In my sermon on August 14, I preached the first in a series on the Three Simple Rules by Bishop Reuben Job. The first rule is to do no harm, and so as one of my illustrations I talked about the integration of Central High School in Little Rock Arkansas, and in particular the story of Elizabeth Eckford who arrived to the school by herself because she did not know that the rest of he students were gathering to go to school together. Elizabeth was met by a hostile crowd, and vile things were shouted at her, although I suspect they were nothing that she had not heard before.
As I was preparing this sermon I began to wonder, can I really say what people shouted at Elizabeth that day? More importantly, can I use the N word? That, of course, is not an easy question to answer and I prayed about it for a couple of days, and then asked my wife what she thought.
She was a little hesitant and said that it would be entirely dependent on the context that I was using it and also my tone when I said it. So I told her what I was thinking and then let her read the sermon, and she said she thought it would be okay, but that rather than shouting it, as the original speakers did, that I should be quieter.
So I did some more thinking about it, I removed some of the quotes I was going to use to just get to the heart of the matter, and then used the quotes directly as they were reported to have been said. I more whispered them then shouted them, which was my original inclination.

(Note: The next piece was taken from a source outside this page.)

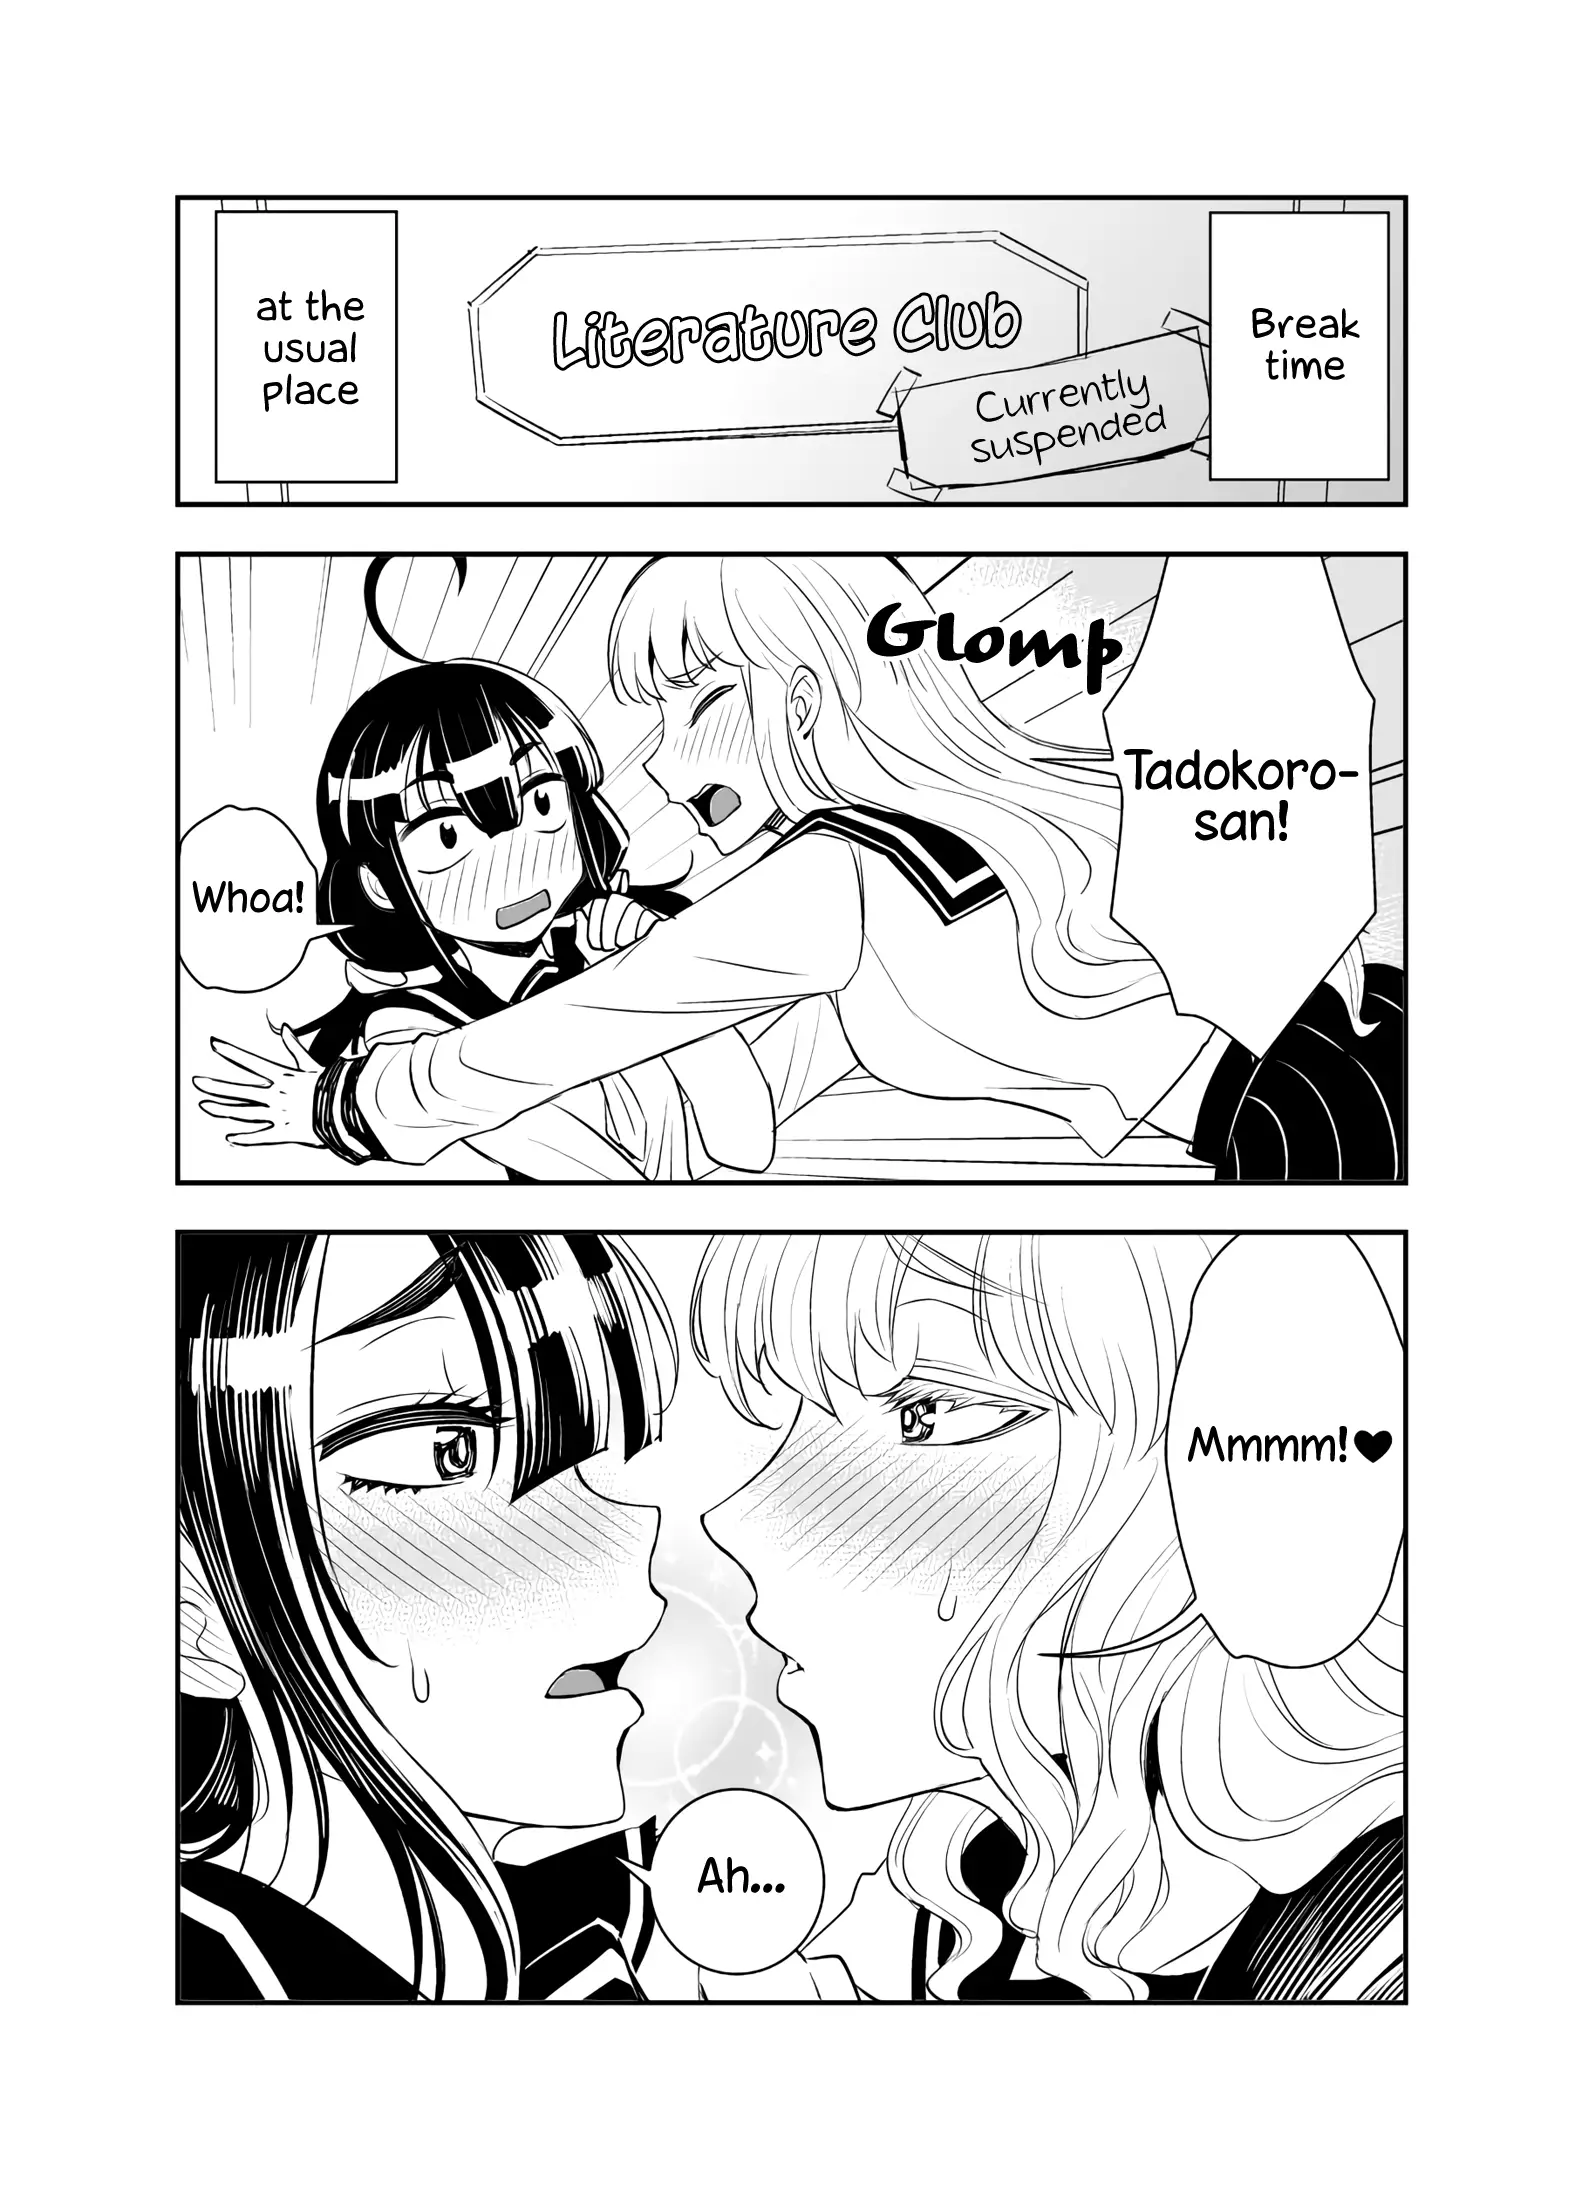 Tadokoro-san - 20 page 2

In the end, I ended up deciding to use them because I wanted people to feel the impact of those words now, I wanted them to understand the hatred that backed them and the damage that they had to do to Elizabeth on that day, and not just Elizabeth but everyone they were and are used against. I wanted people to understand that doing no harm is more than just about our actions, but that our words also have terrible force to cause harm.
Surprisingly, I did not hear from a single person who objected to the word being said from the pulpit. In fact I didn't hear any comments about it at all. People did talk to me about the sermon, but this was never brought up. I hope that means that I handled the topic appropriately and sensitively, but it could also means that since I'm the new guy they don't yet feel comfortable expressing their thoughts.
I had originally been planning to be more expansive about other vile names that we throw at people, but decided that this was enough. The objective was to make a point, not to bang people over the head, and I hope I did that. I try to be sensitive and very aware of the words that I use when preaching, which is one of the reasons why I am a manuscript preacher. I also know that there are people who would never use the word, would think it's inappropriate to be used, and I respect that opinion.
Now being more than one week removed, and having followed up with more about what happened to Elizabeth in yesterday's sermon on doing good, I feel good about my decision and think I made the right one. I don't know that I would necessarily do it again, but given the right context and situation I think it might again be appropriate.